Work with an elder, role model or a motivated friend to develop a plan that keeps you mentally active.
7. Make self-help tip sheets
Self-help tip sheets are helpful resources to turn to on days when you are feeling unmotivated. Through our connection to the environment — plants, trees, the earth, animals and more, we produce many of the traditional items we use today. We also use lots of bright colours as you would see on kente cloths and Jamaican bandana and folk attire.
Gather items such as African arts, fabrics and essential oils that will engage all your senses and lift your spirits. You may even create a corner with candles and other meaningful items so you can disconnect and soothe your spirit.
8. Practice end-of-day rituals
Storytelling and humour are great ways to close out the day either in person with family members or by video chats. We are a people of oral traditions, used to pass on our history and much more. We also know that laughter is the best medicine. For example, tell Anansi stories or create your own. There are many stories connected to folklore that can reconnect you and connect your children to your roots.
General important activities to maintain good mental health include:
Take a walk during and at the end of your day
We need fresh air to keep our mind and body energised, and a change of scenery does the mind wonders. You may be fearful of going for a stroll but remember that public health officials have said it is safe to do so as long as you maintain 6 feet/2 metres of distance between yourself and others and observe other recommended practices.
Develop daily exercise routines
Many have been using daily exercises to help manage anxiety and stress. Canada’s food guide says, “Children and youth should get at least 60 minutes of moderate to vigorous physical activity each day. Adults, including seniors, should accumulate at least 150 minutes of moderate to vigorous physical activity per week, in bouts of 10 minutes or more.”

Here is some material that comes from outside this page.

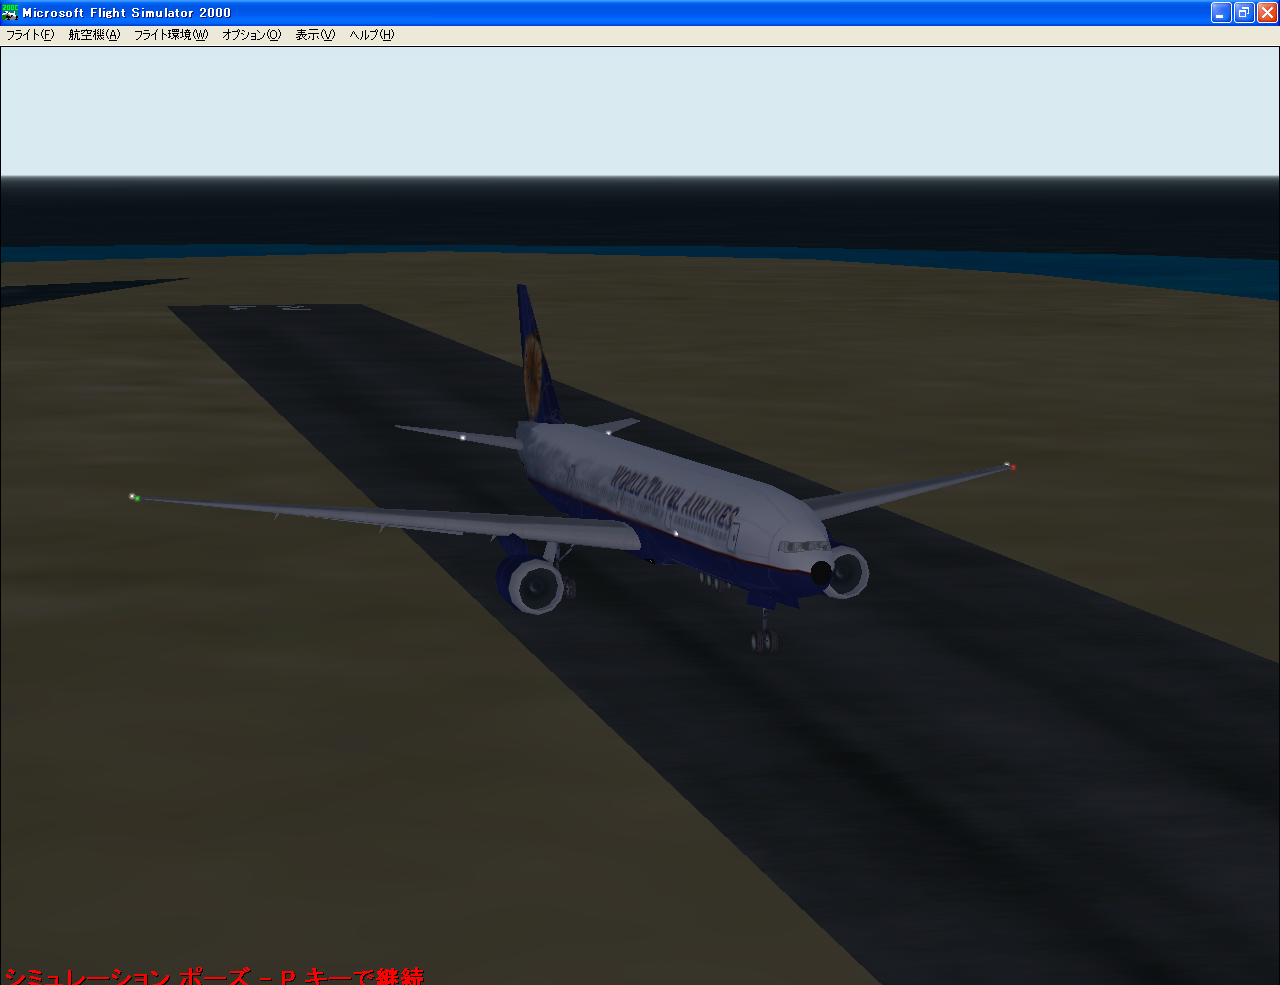 ツバルからやってきて着陸した状態(Boeing777-300)

Manage TV and social media time
Social media and voice and print news cycles are set to COVID-19 24/7 with news about an increasing number of confirmed cases and deaths which only heightens our fears and anxieties. Take a break from the doom and gloom that only breeds sadness and worry, and find material that is positive, humorous and uplifting.
A lot of disinformation is being spread. Consult credible sources such as the World Health Organization and government agencies, for example, your public health authorities.
Schedule regular breaks
It may be helpful to pause for at least 10 to 15 minutes in the morning and afternoon to disconnect from whatever you are doing. Try breathing and stretching exercises which can be done at the desk and with minimal movement. There are many phone apps to help with breathing, mindfulness and meditation. Many of these exercises are also available on YouTube.